I feel so beyond hurt by the people who call themselves my family it isn't even funny. My own mother was planning on aborting me and told me that my biological father talked her out of it and then disappeared after I was born. I asked her if she regretted having me and her answer was "that's neither here nor there". Wow. Hand that woman a Mother of the year award!
After my sisters announcement of her "condition" she has become untolerable, to put it politely. She bitches and whines and cries about every ache and pain. Every episode of heartburn and indigestion. She complains that she can't sleep at night, and the list goes on and on. I want to turn to her and tell her "I would gladly take every single one of those aches and pains just to still be pregnant". She has no idea how lucky she is.
She texted me in early July to talk to me about the menu at her baby shower in November. She called me about Christmas in early August because she will still be pregnant then.
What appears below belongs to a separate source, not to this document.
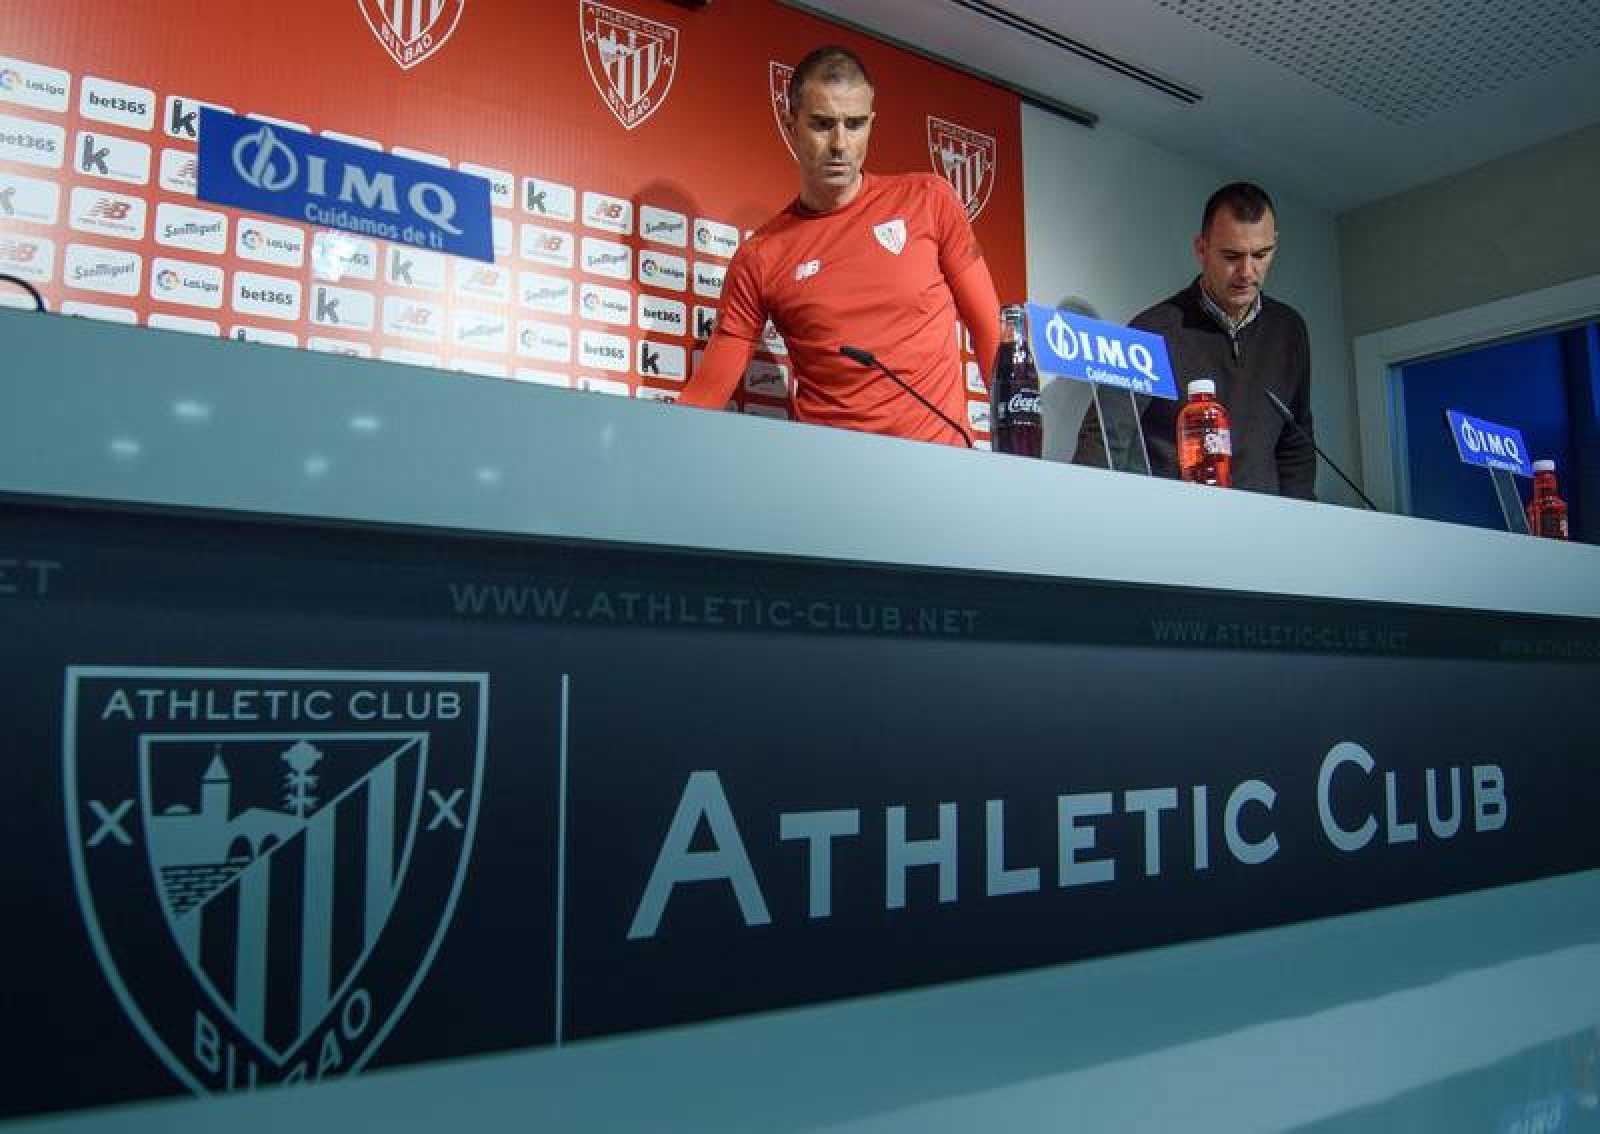 El entrenador del Athletic, Gaizka Garitano, se dispone a comparecer en la sala de prensa del Athletic

I'm not sure if there was even a point to her call or if she really just wanted to rub it in again that she will be blessed with a little bundle of love and I will not.
It hurts me to also know that I am more supportive of her, even though it brings me to tears to think about it, than she ever was, or probably will be, of me. I'm happy for her and I wish her all the best. I just wish someone in my family would be that way for me.
My own Grandmother never once asked how I was when I was pregnant. One day while I was still living at my parents (post my divorce, even though I was seeing someone new I was still technically living there) my grandma calls and talks to my mother. I'm sitting in the same room as she is so I can hear her end of the call and it wasn't really hard to figure out. When my mother said "She's doing good." my heart lept a little, my grandmother had actually asked how I was doing, until my mother continued, "Yeah they like thier new place and they are using the smaller of the 2 spare rooms for the nursery. He is excited, we all are." The next topic became some flowers and my sisters dog who lives with my parents and then they said goodbye. I wasn't even brought up.
Yet my family can't seem to understand why I really don't want much to do with them. Don't get me wrong I love them to death, I would do anything for them and in theory they would for me as well. I just can't help but fel the disappointment and the contempt I have for them.
If in fact I am pregnant now and actually any time in the future that I may become pregnant I will not be telling them, they will find out only if I am around them and I am showing or if they see me after my baby is born.